Member of the Pyithu Hluttaw
- Incumbent
- Assumed office 3 February 2016
- Constituency: Khin-U

Personal details
- Born: 15 October 1958 (age 67) Kanbalu Township, Sagaing Division, Myanmar
- Party: National League for Democracy
- Spouse: Khin Than Nu
- Children: Ei Nandar Aung
- Parent(s): Khin Aung (father) Set Ti (mother)
- Alma mater: University of Medicine, Mandalay (M.B.B.S.)

= Winn Aung (politician, born 1958) =

Burmese politician

Winn Aung (ဝင်းအောင်, also spelt Win Aung, born 15 October 1958) is a Burmese politician, physician and former political prisoner who currently serves as a Pyithu Hluttaw MP for the Khin-U constituency. He is a member of the National League for Democracy.

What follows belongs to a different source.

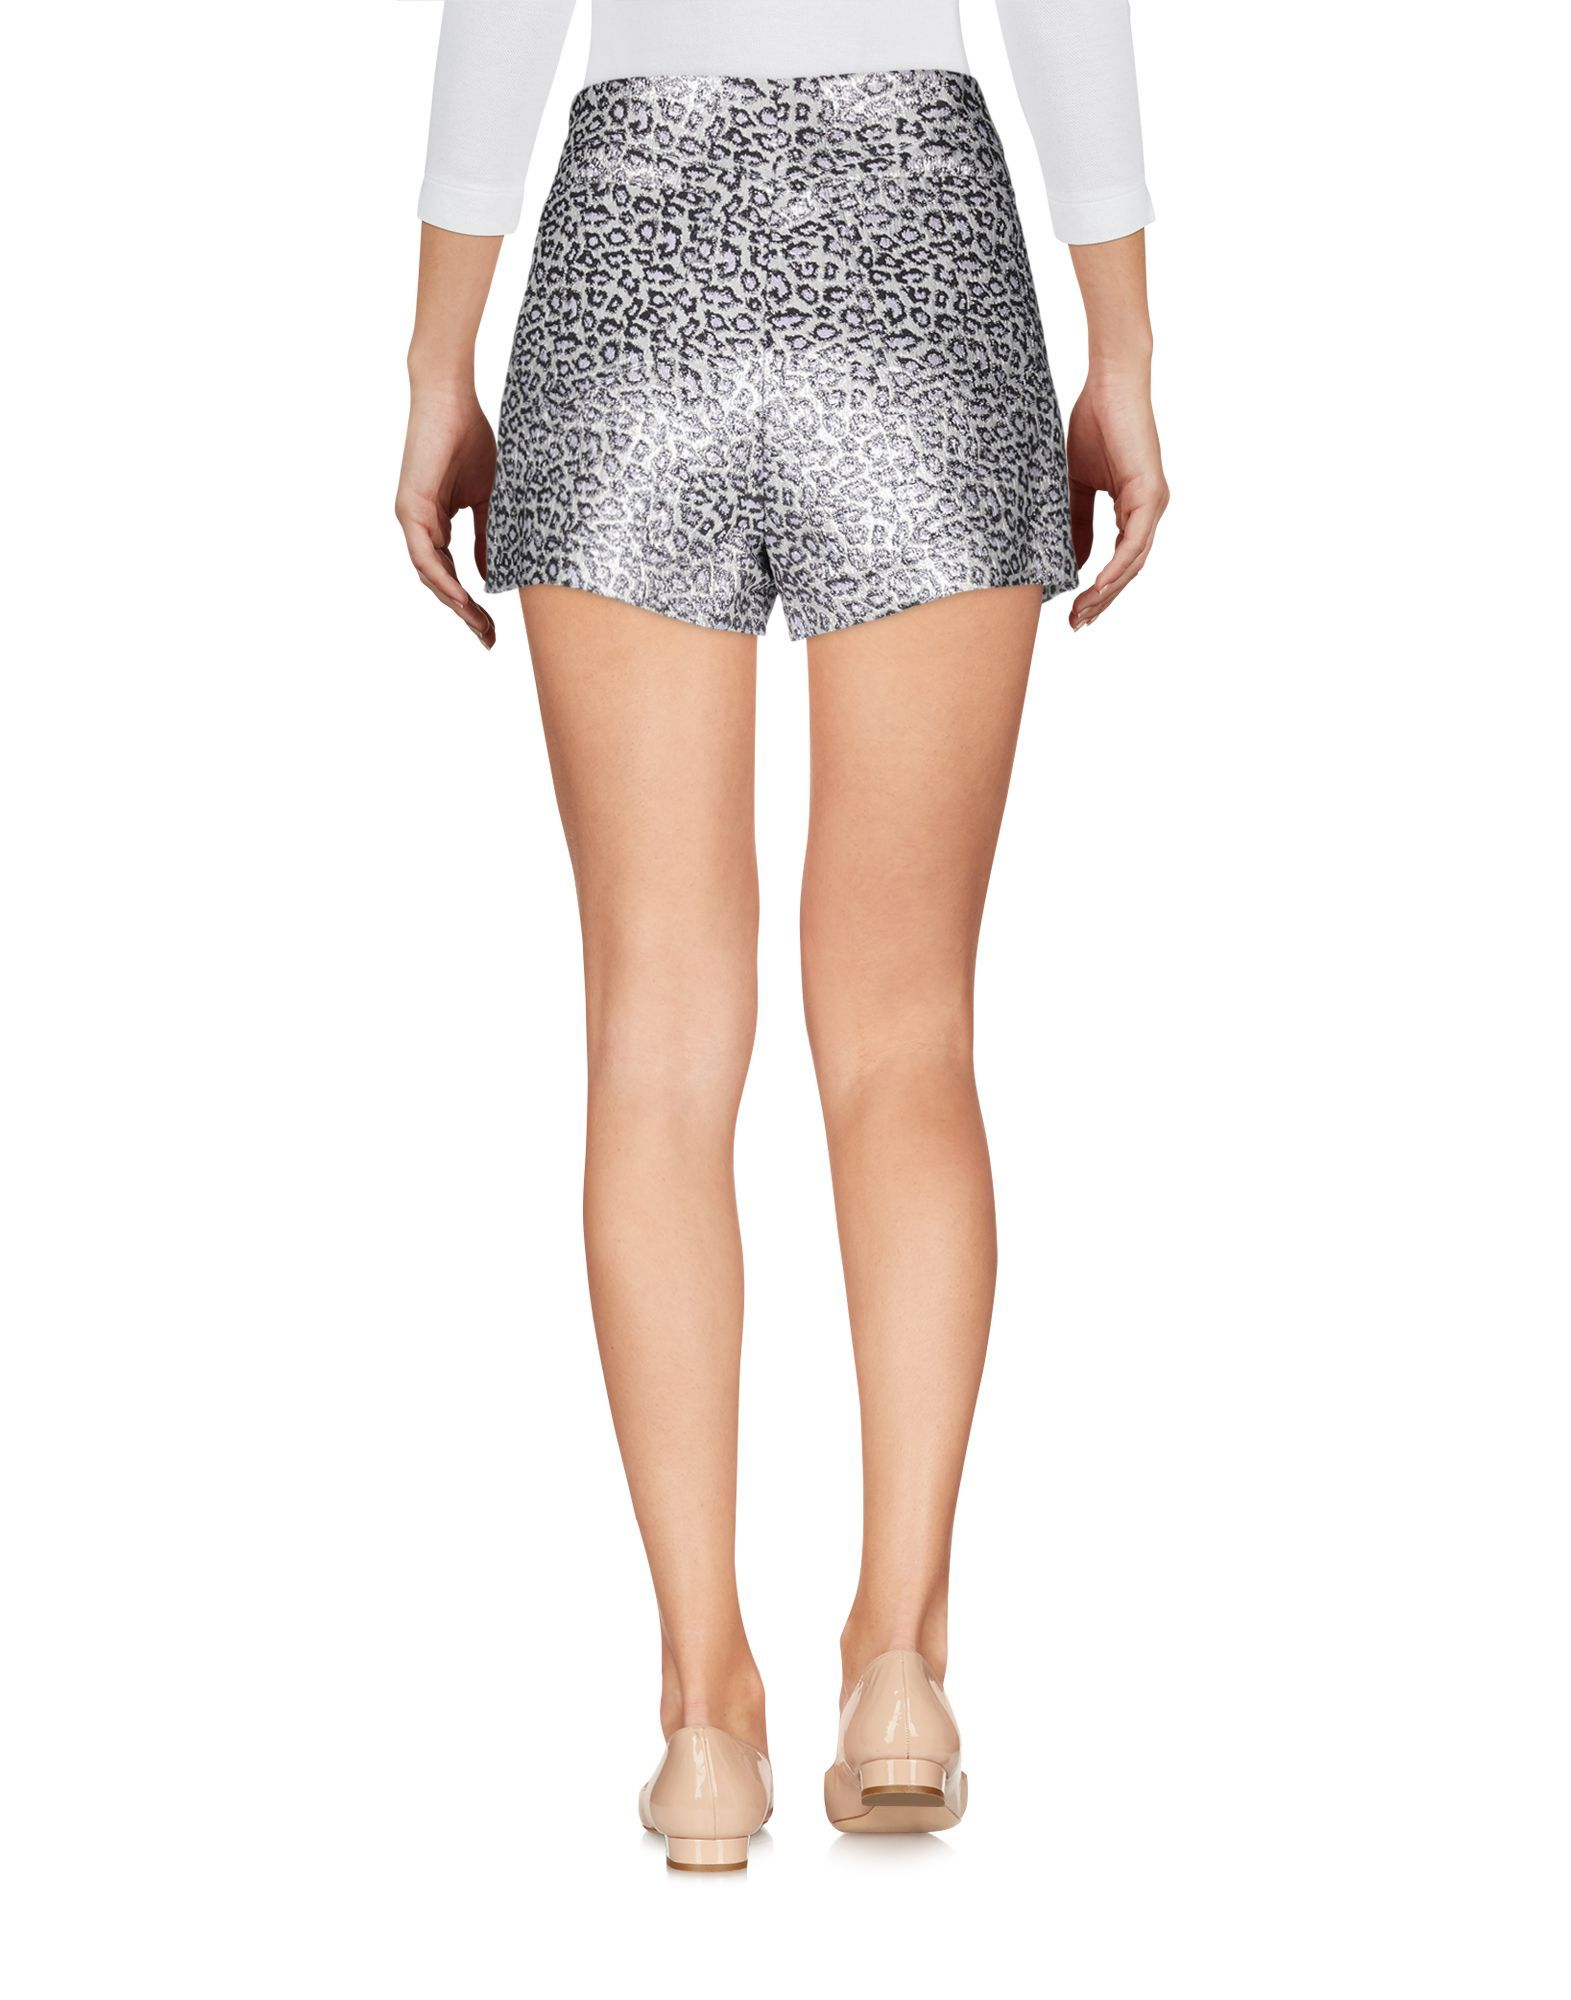 Giamba Ivory Jacquard Leopard Print High Waisted Shorts
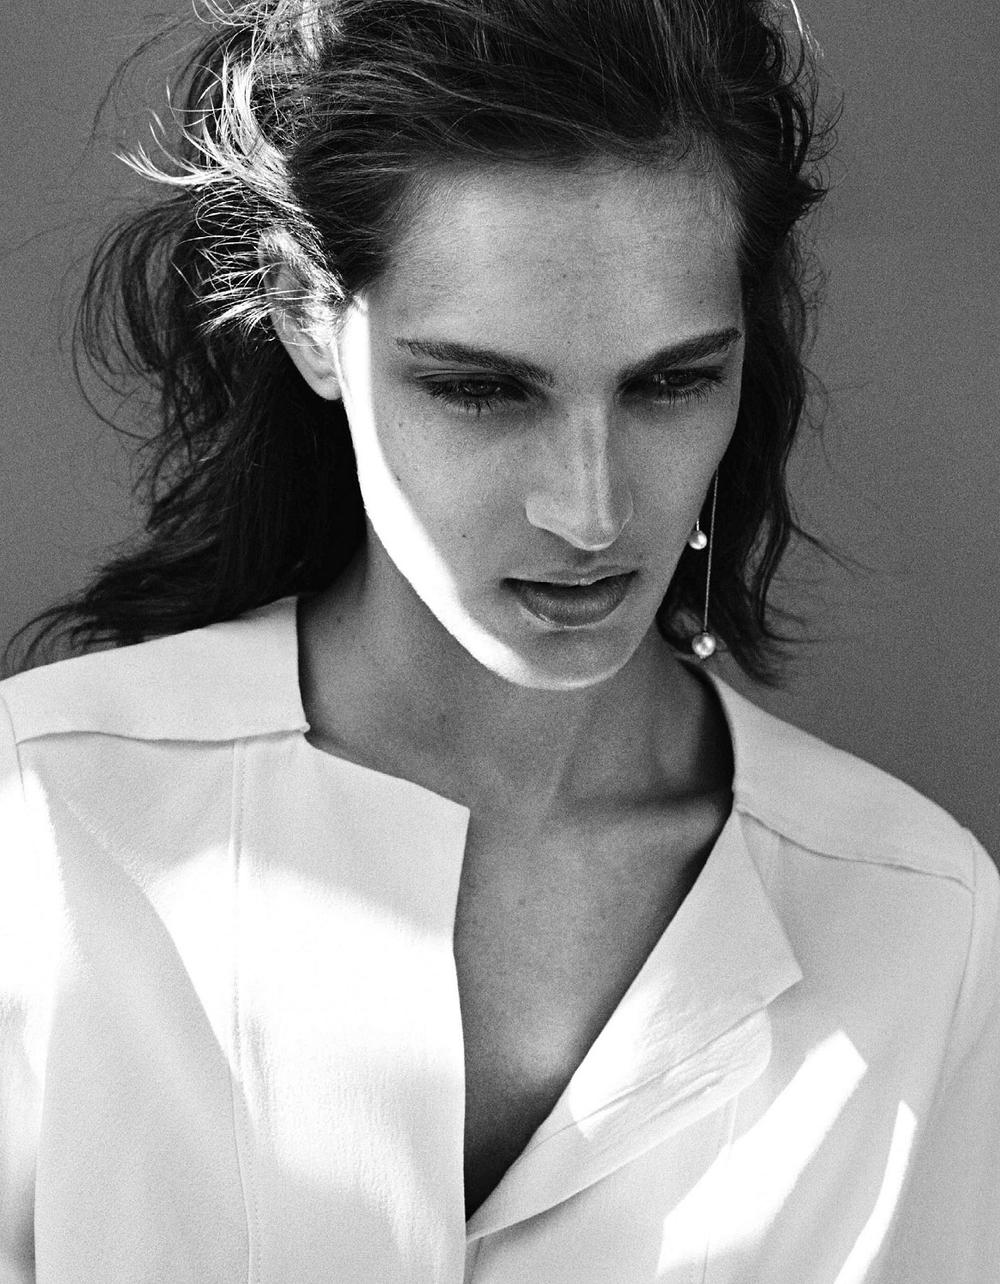 Emma-Tempest-Othilia-Simon-The-Telegraph-October-2014-1.jpeg

==Early life and education==
Winn Aung was born on 15 October 1958 in Kanbalu Township, Myanmar. In 1982, he graduated from the University of Medicine, Mandalay with an M.B., B.S. degree.

==Political career==
In the 2015 Myanmar general election, he was elected to Pyithu Hluttaw as an MP from the Khin-U constituency. He currently serves as a member in the Government Commitments Assessment Committee in the Pyithu Hluttaw.